The release of Savory Collection Vol. 2 has all the elements of my favorite jazz discoveries. At first blush we have 22 first time releases of Count Basie’s big band (1938-1940) with the exemplary rhythm section of Count Basie (piano), Freddie Green (guitar), Walter Page (bass), and Papa Jo Jones (drums).
These are live radio broadcasts preserved on aluminum discs by Bill Savory. His is a new name to me. But from what I’ve read of Mr. Savory in the Wall Street Journal, the New York Times, and The Jazz Museum in Harlem — he was a brilliant, audio engineer with a love for great jazz. I look forward to learning more about him.

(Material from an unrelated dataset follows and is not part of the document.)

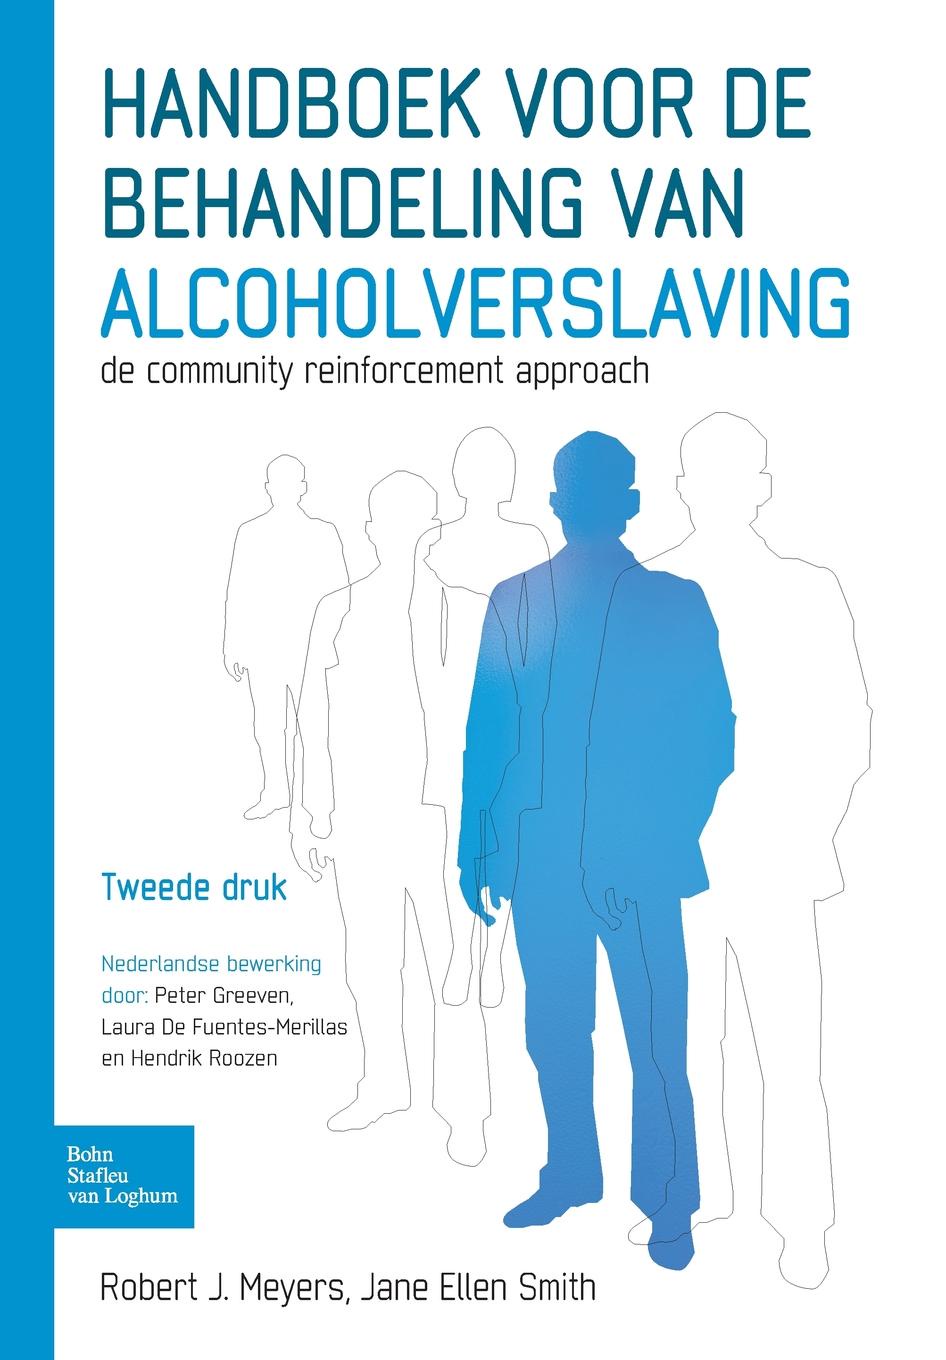 Handboek voor de behandeling van alcoholverslaving. De community reinforcement approach
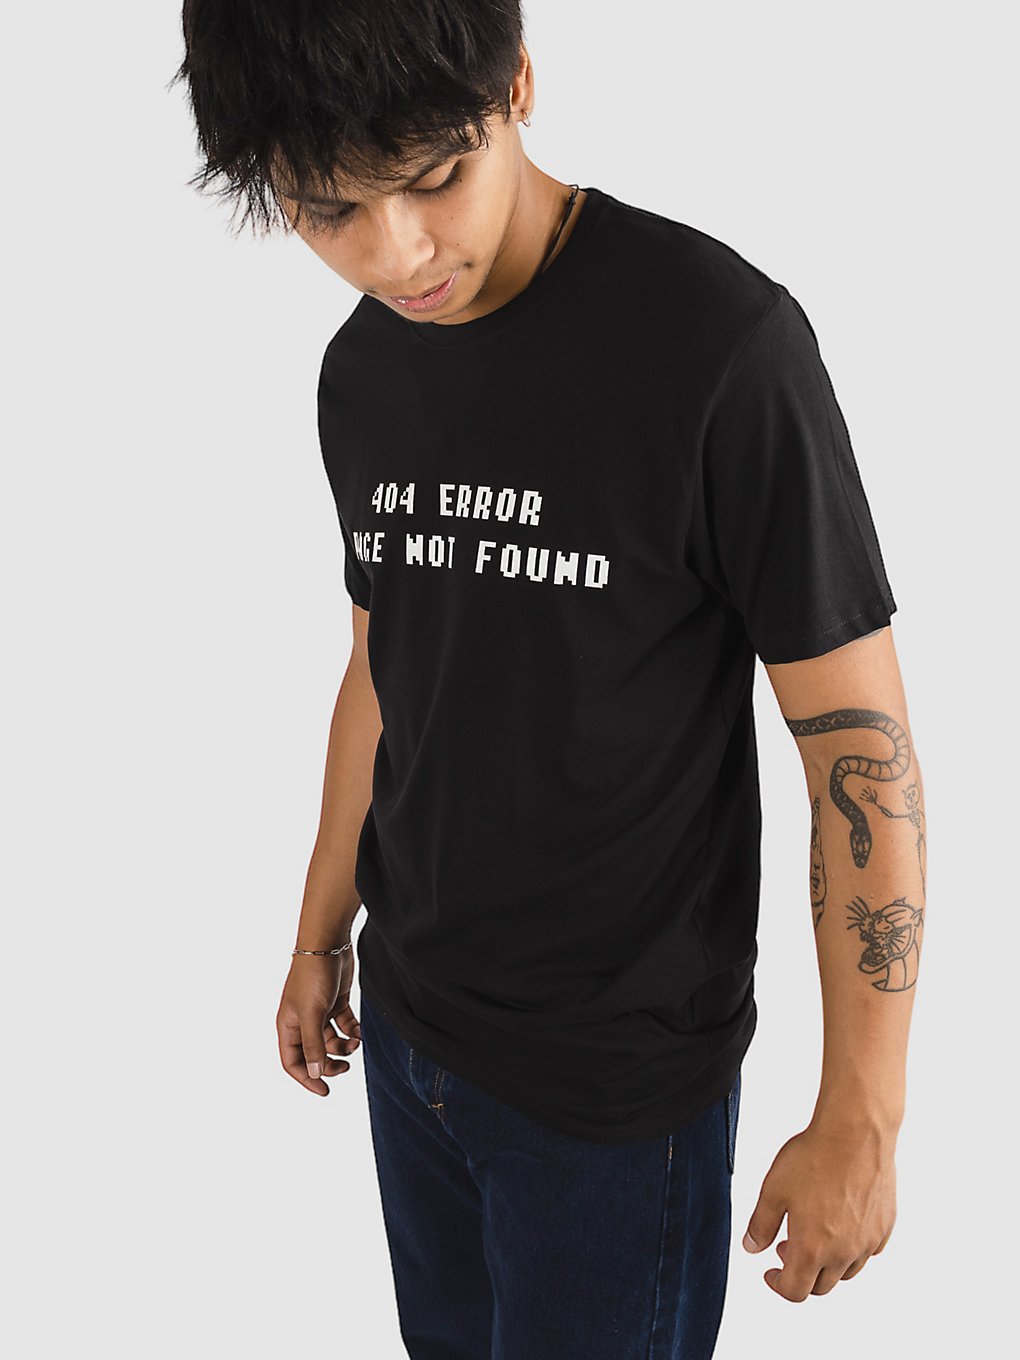 A.Lab 404 Error T-Shirt black kaufen

Most of Bill Savory’s recordings were kept private for 60 years — and were almost lost through neglect. Savory’s son sold the bulk of his father’s recordings to Founding Director and Senior Scholar Loren Schoenberg of the National Jazz Museum in Harlem.

Bill Savory (Courtesy New York Times)
According to the NYT, “Because of deterioration, converting the 975 surviving discs to digital form and making them playable is a challenge. Mr. Schoenberg estimates that ’25 percent are in excellent shape,’ he said, ‘half are compromised but salvageable, and 25 percent are in really bad condition,’ of which perhaps 5 percent are ‘in such a state that they will tolerate only one play’ before starting to flake.”
That’s another concern of mine, especially for existing audio and/or video interviews with great drummers. What’s going to happen to those archives when the interviewers are gone?
I look foward to hearing this music and learning more about Bill Avory, and also, the yeoman’s work by audio engineer Doug Pomeroy in restoring this music.